Segment Start: Dataset section

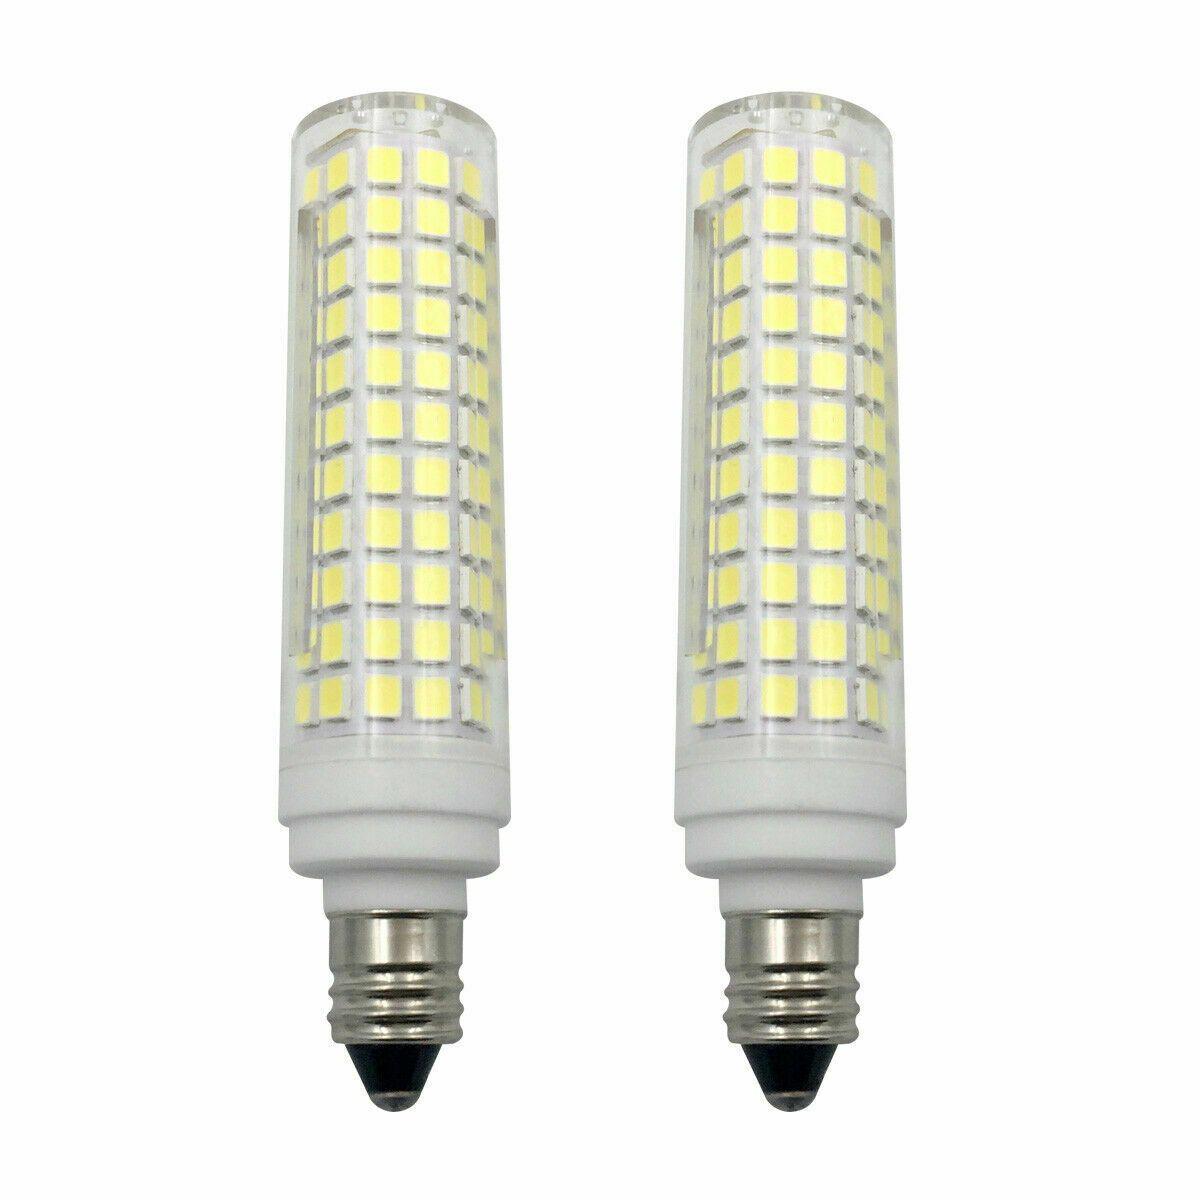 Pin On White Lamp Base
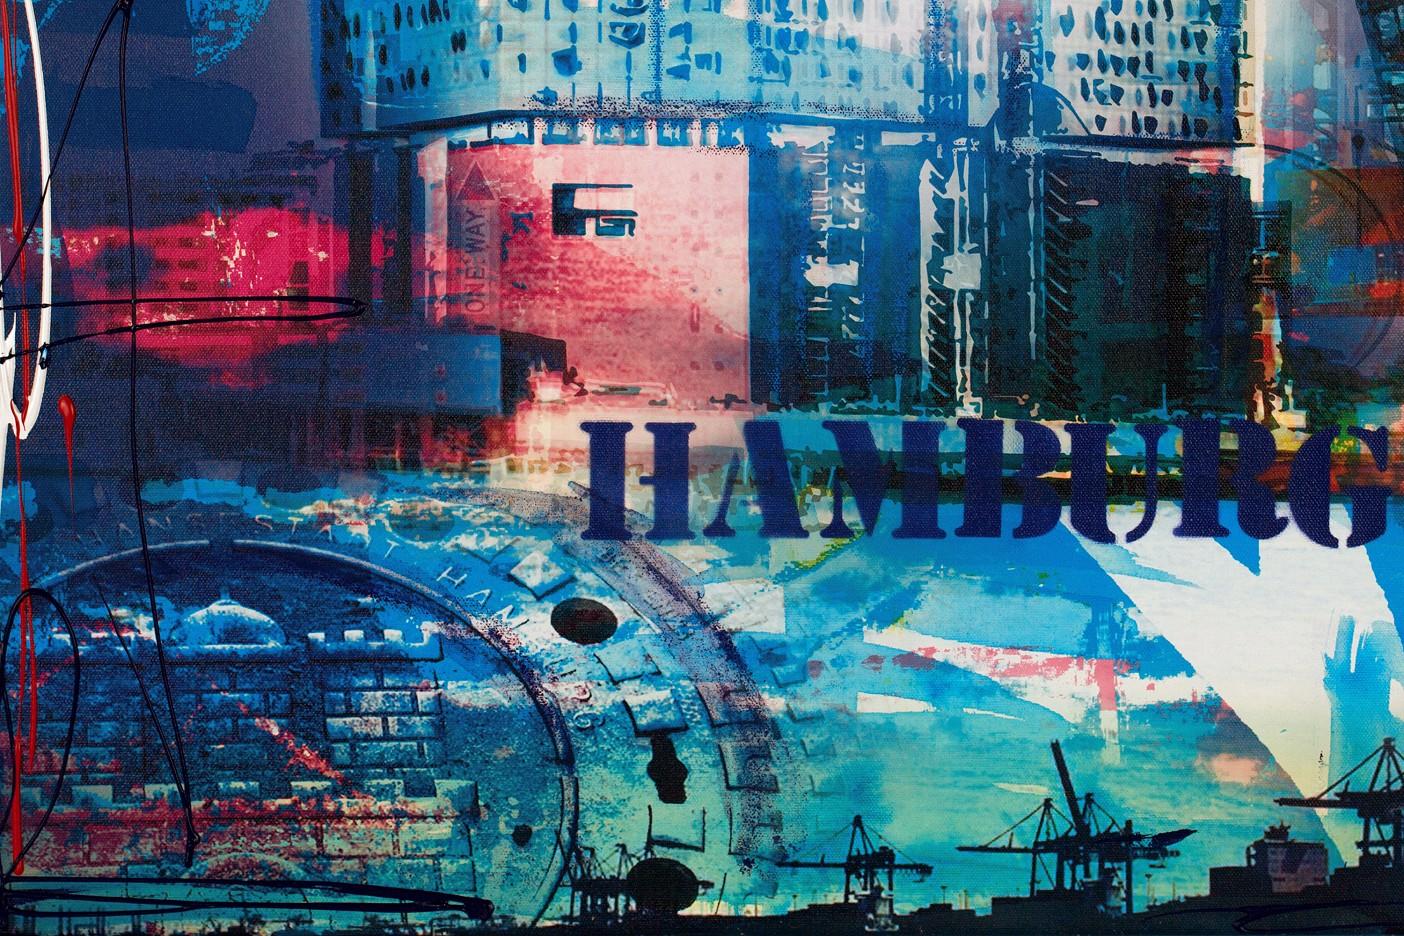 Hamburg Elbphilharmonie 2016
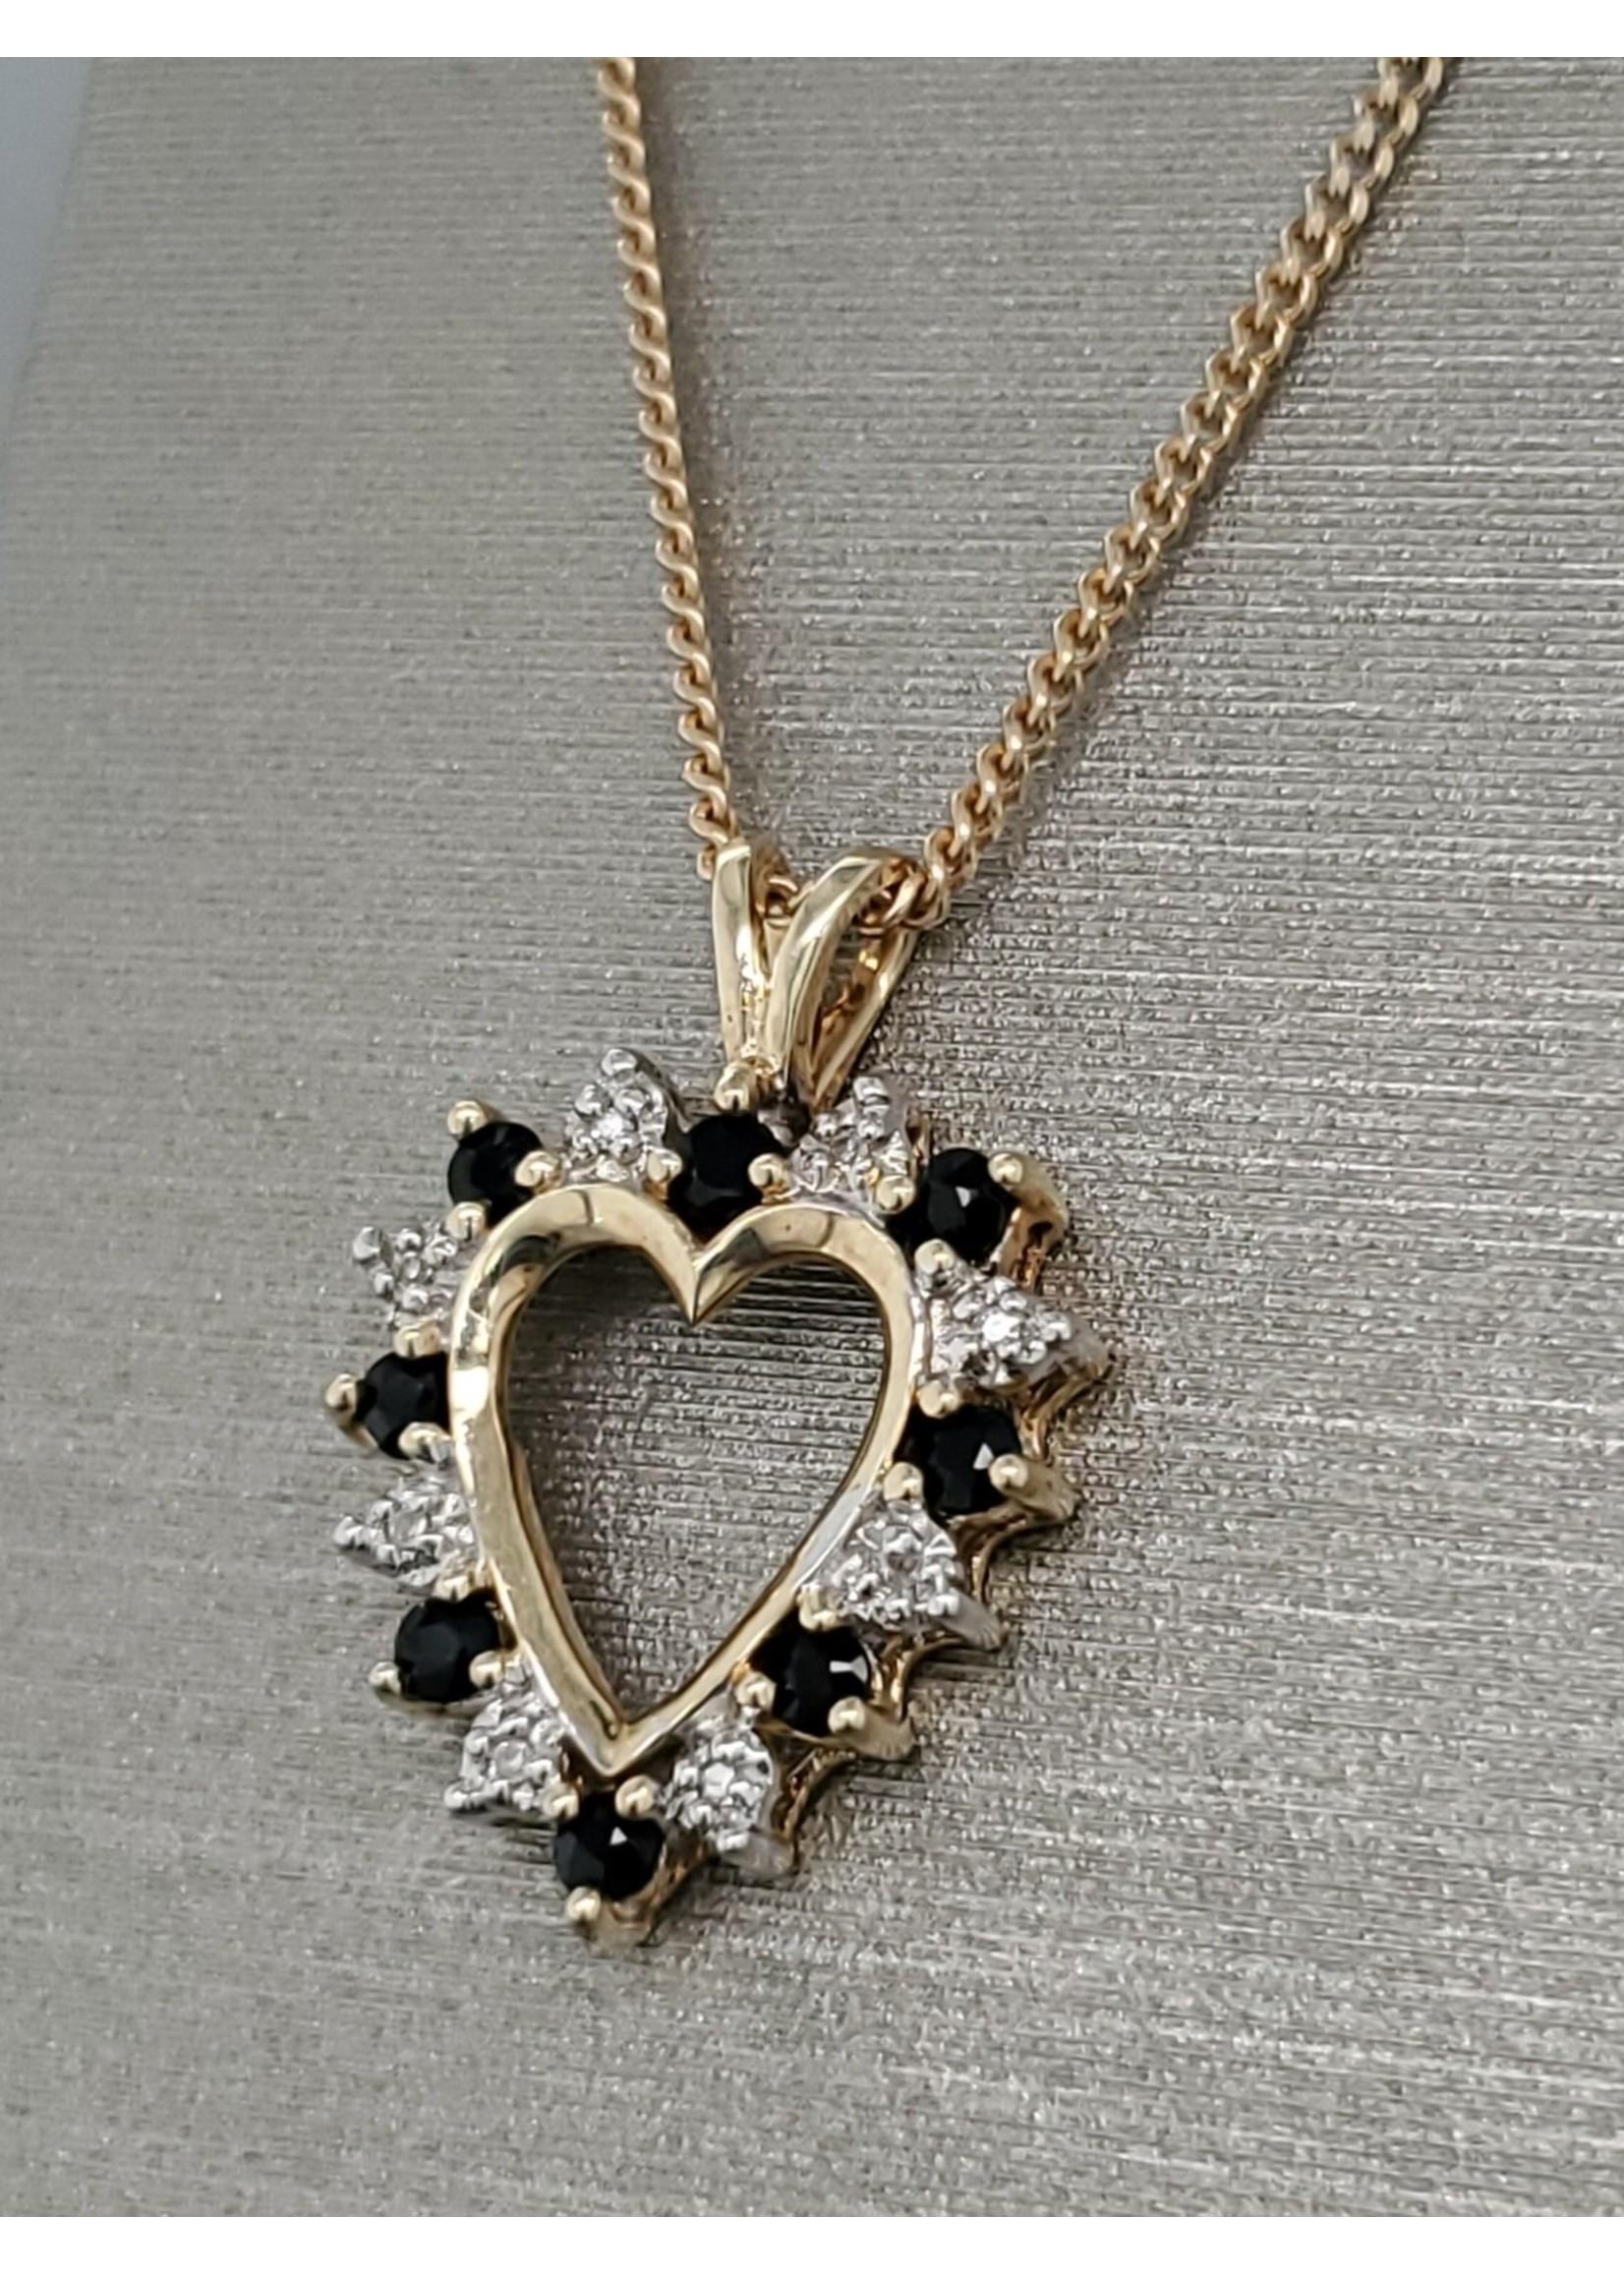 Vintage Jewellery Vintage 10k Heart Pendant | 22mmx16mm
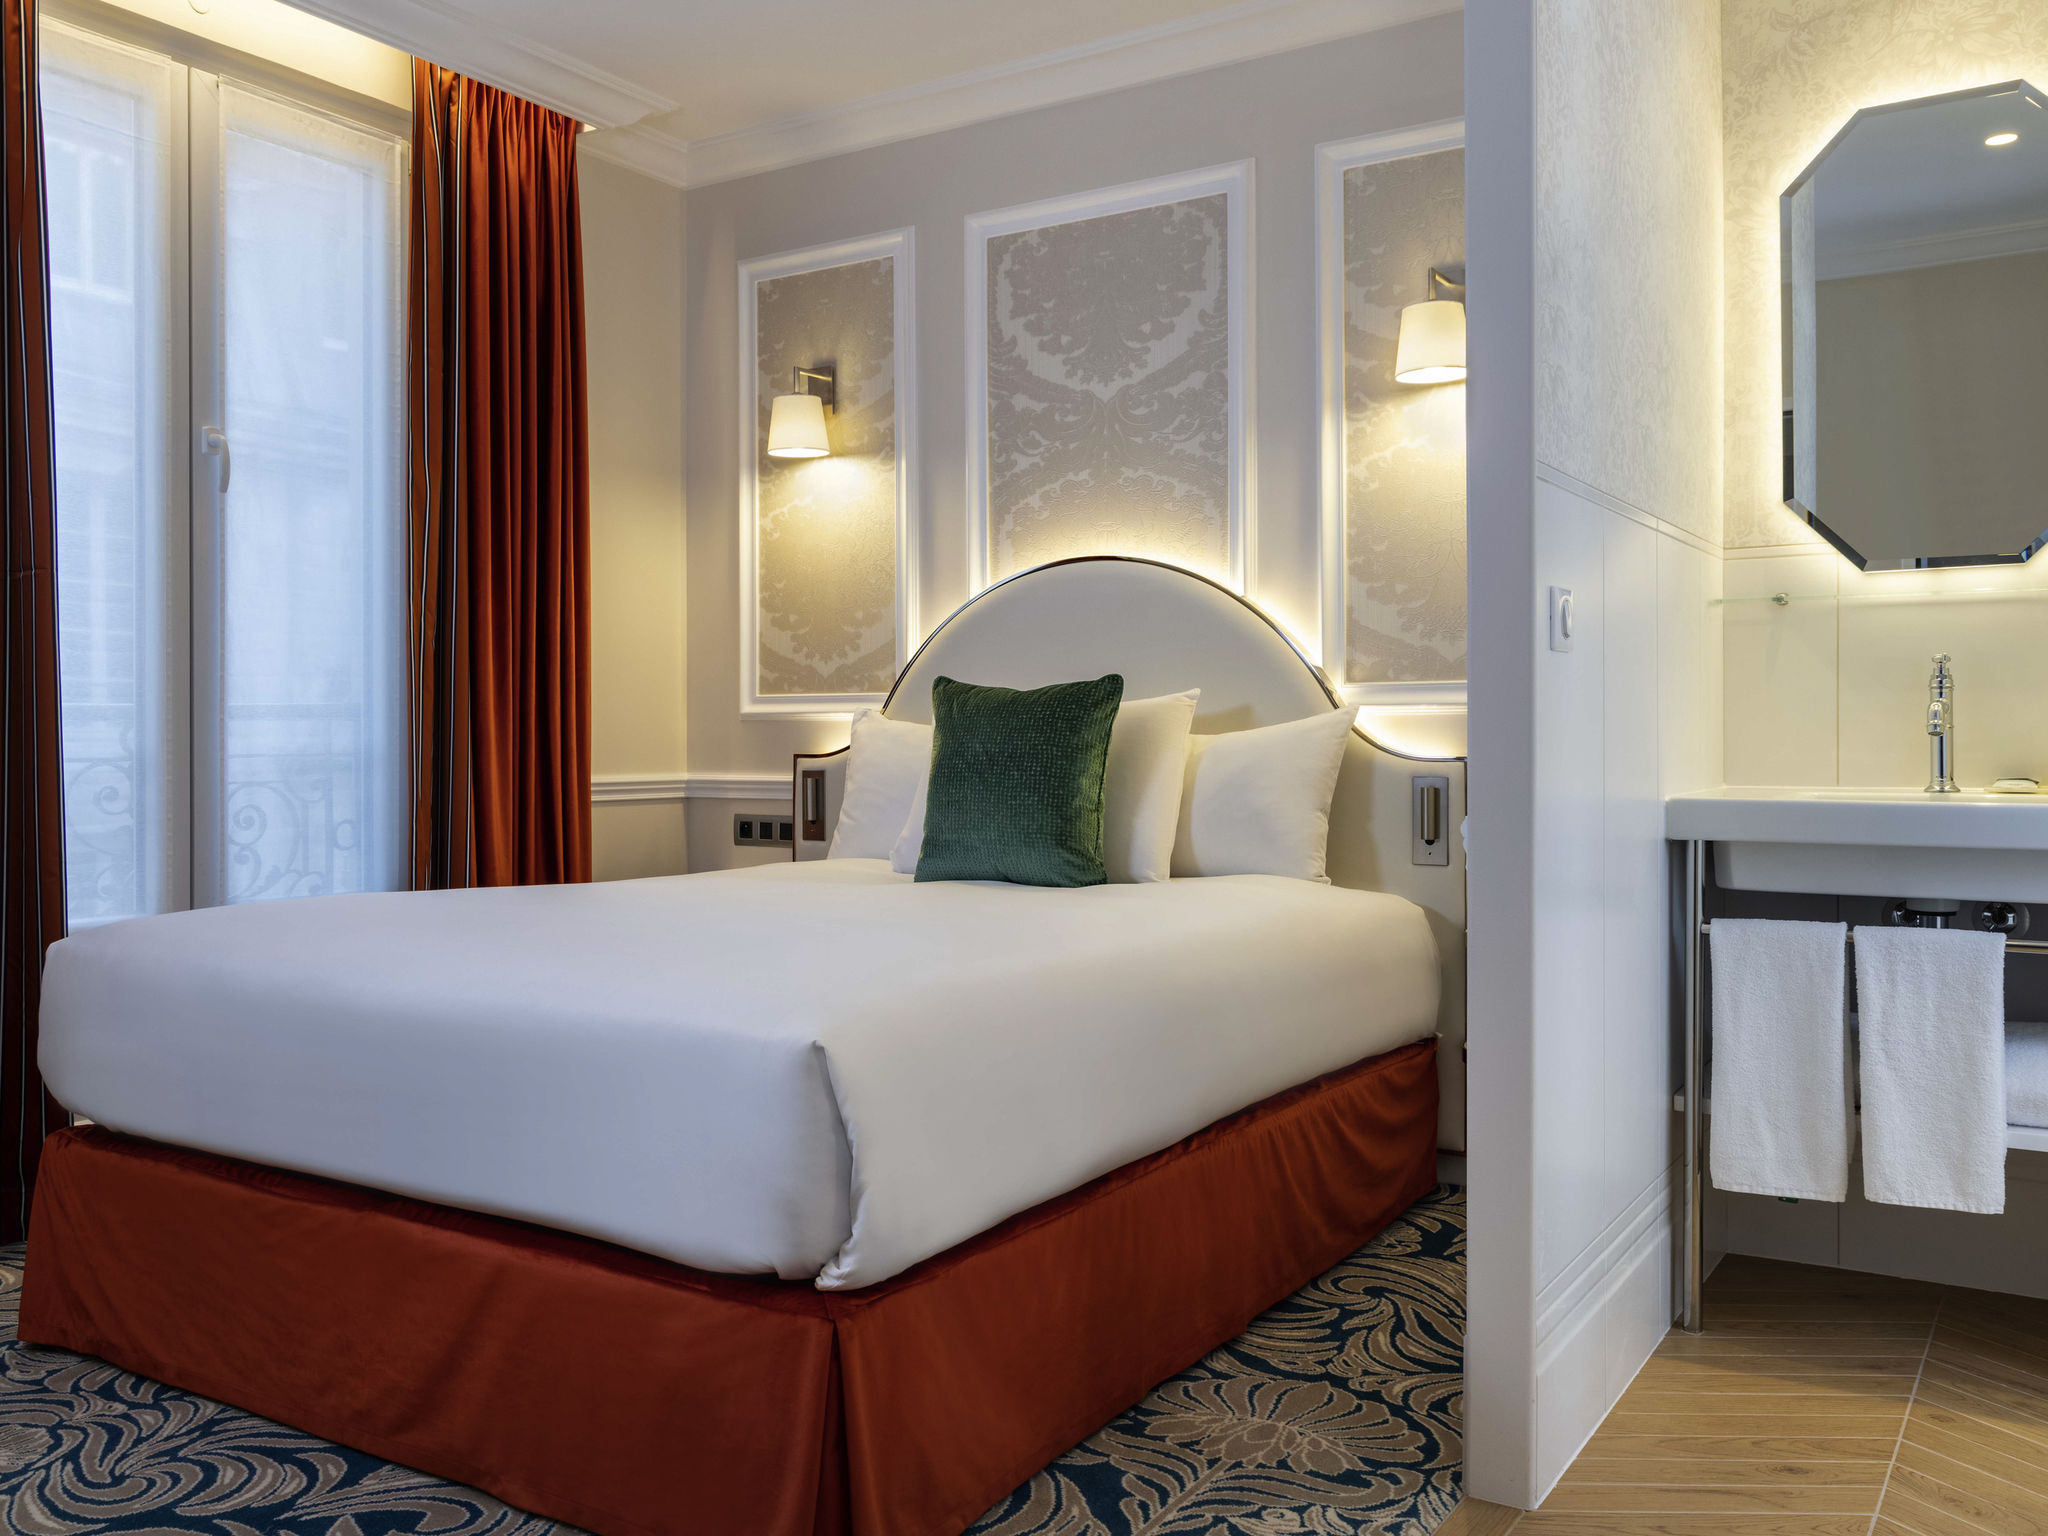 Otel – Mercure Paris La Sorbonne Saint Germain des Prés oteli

Segment End: Dataset section

● Assignment
Drop the pictures, then transcribe the lines from the one containing "Hamburg Elbphilharmonie 2016" to the end of the data above, exactly and nothing more.

● Written answer
 Hamburg Elbphilharmonie 2016
 Vintage Jewellery Vintage 10k Heart Pendant | 22mmx16mm
 Otel – Mercure Paris La Sorbonne Saint Germain des Prés oteli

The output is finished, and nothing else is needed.